本公开实施例的一种语音播报的方法,包括:接收到语音播报操作时,生成语音播报指令;根据所述语音播报指令在当前的网页界面从当前聚焦节点开始中查找节点;当所述节点为目标节点时,播报所述目标节点的文本内容;其中,所述目标节点为具有文本信息的不具有子节点的节点。采用本公开实施例,当接收到语音播报操作时,在当前的网页界面从当前的聚焦节点开始查找具有文本信息且不具有子节点的节点,查找出目标节点,将该目标节点的文本内容进行播报,通过本公开实施例提供的方法,能够解决现有技术中在进行语音播报时漏掉很多非聚焦元素的正文信息的问题,进行语音播报的过程中保证所有需播放内容的完整播报。
附图说明
图1为本公开实施例一提供的语音播报方法的流程示意图;
图2为本公开实施例二提供的语音播报方法的流程示意图;
图3为本公开实施例三提供的语音播报方法的流程示意图;
图4为本公开实施例四提供的节点重构方法的流程示意图;
图5为本公开实施例五提供的一种语音播报装置的结构示意图;
图6为本公开实施例五提供的另一种语音播报装置的结构示意图;
图7为本公开实施例五提供的重构单元的结构示意图;
图8为本公开实施例六提供的一种语音播报装置的结构示意图。
具体实施方式
下面结合附图对技术方案的实施作进一步的详细描述。
实施例一
本公开实施例一提供语音播报方法,如图1所示,所述方法包括:
S101、接收到语音播报操作时,生成语音播报指令;
具体的,当终端接收到用户对终端的语音播报操作时,基于语音播报操作的触发生成语音播报指令。这里,终端可包括具有触摸屏来接收用户的触摸操作的终端、通过功能按键对终端进行控制操作的终端,也可包括通过语音进行控制操作的终端,对具体的终端的类型不做任何限制,只要能够接收用户操作即可。
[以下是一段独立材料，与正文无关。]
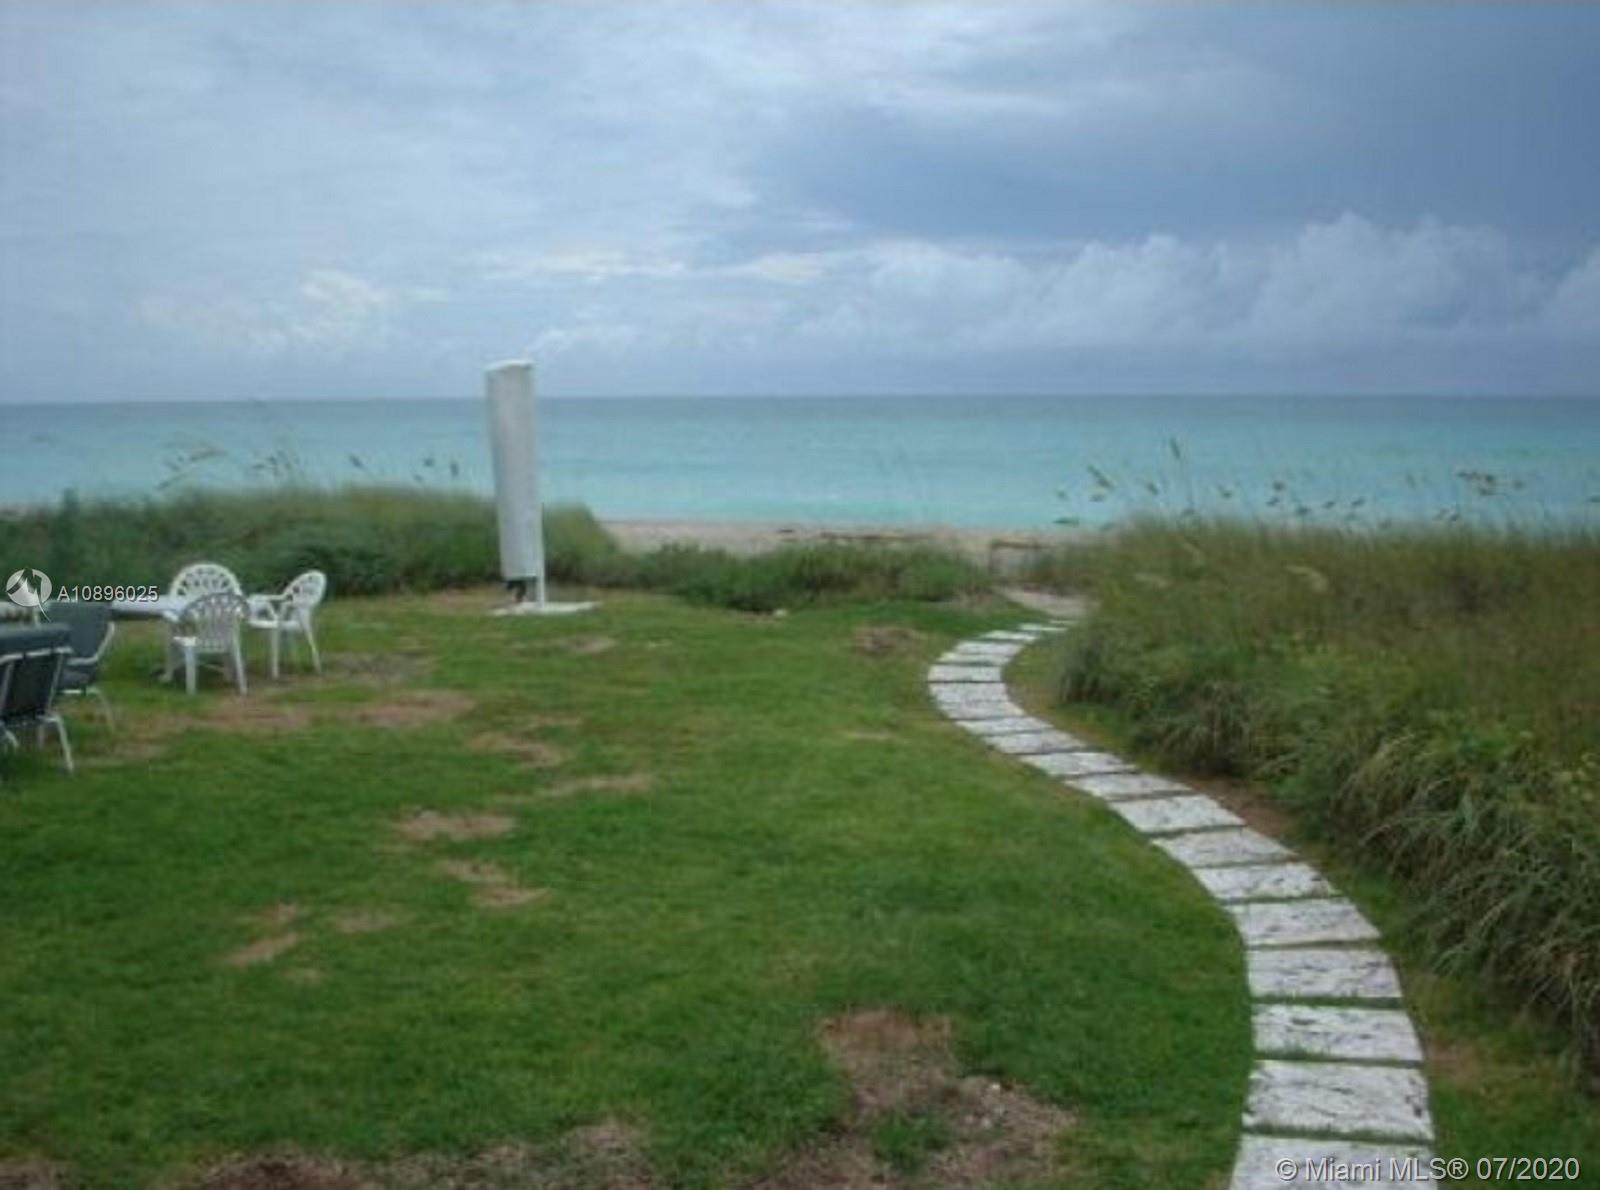 687  OCEAN BL  For Sale A10896025, FL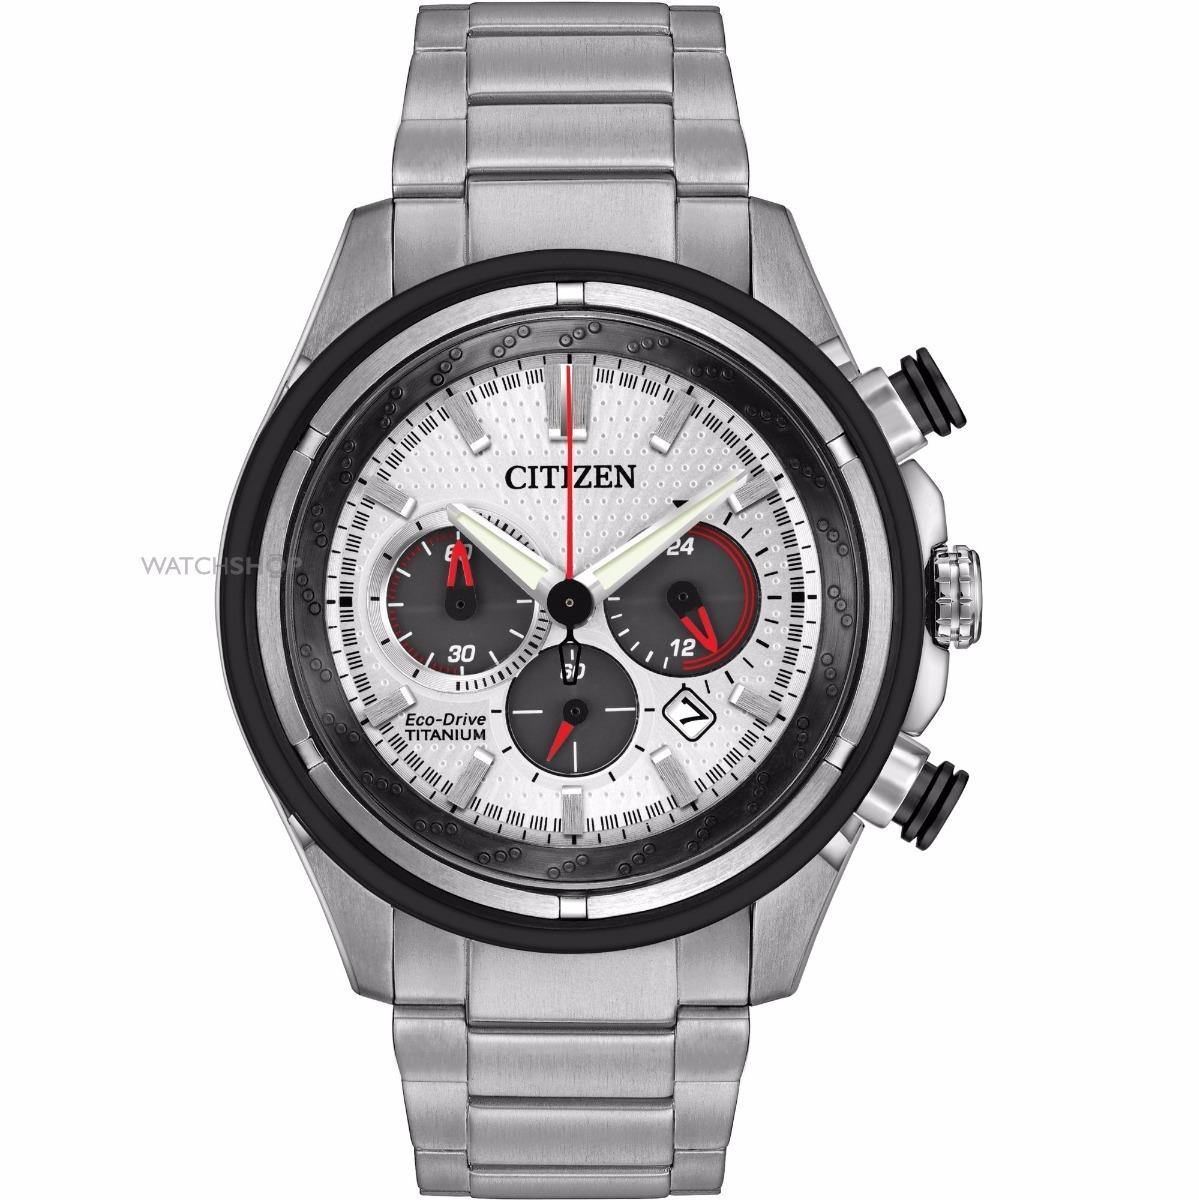 148d0e487e9 relógio citizen masculino eco-drive titanium tz30884q ca4240. Carregando  zoom.

这里,当终端接收到用户的操作时,判断接收到的操作与预设的语音播报操作是否一致,当一致时,确定接收到语音播报操作。语音播报操作的具体的形式不做限制,比如: 按键终端的方向键中的上按键、触摸屏终端的双触摸点滑动、触摸屏终端上接收到的预设轨迹的操作或一段预设的语音等,这些可由系统进行配置,也可由用户进行设置。
S102、根据所述语音播报指令在当前的网页界面从当前聚焦节点开始查找节点;
当终端生成语音播报指令时,确定接收到用户触发语音播报过程,此时,在终端当前的网页界面从当前聚焦节点开始查找节点。这里,网页界面可为浏览器的网页界面,比如UC,也可为终端上安装的应用程序的网页界面,比如:网易新闻APP。当前的聚焦节点为当前用户界面的作用点,比如,当接收到的语音播报操作为触屏操作时,此时,聚焦节点接收触屏操作的坐标对应的点;当接收的语音播报操作为按键操作时,可将本次操作之前的上一次操作作用的作用点作为当前聚焦点。这里,也可将网页界面的第一个节点作为接收到语音播报操作时的当前聚焦点,当接收到语音播报操作时,从网页界面的第一个节点开始查找节点。这里,当前聚焦节点可根据需要进行设置。
这里,当终端生成语音播报指令时,当前聚焦的节点为终端在接收到语音播报操作之前最后一次操作所对应的坐标对应的节点。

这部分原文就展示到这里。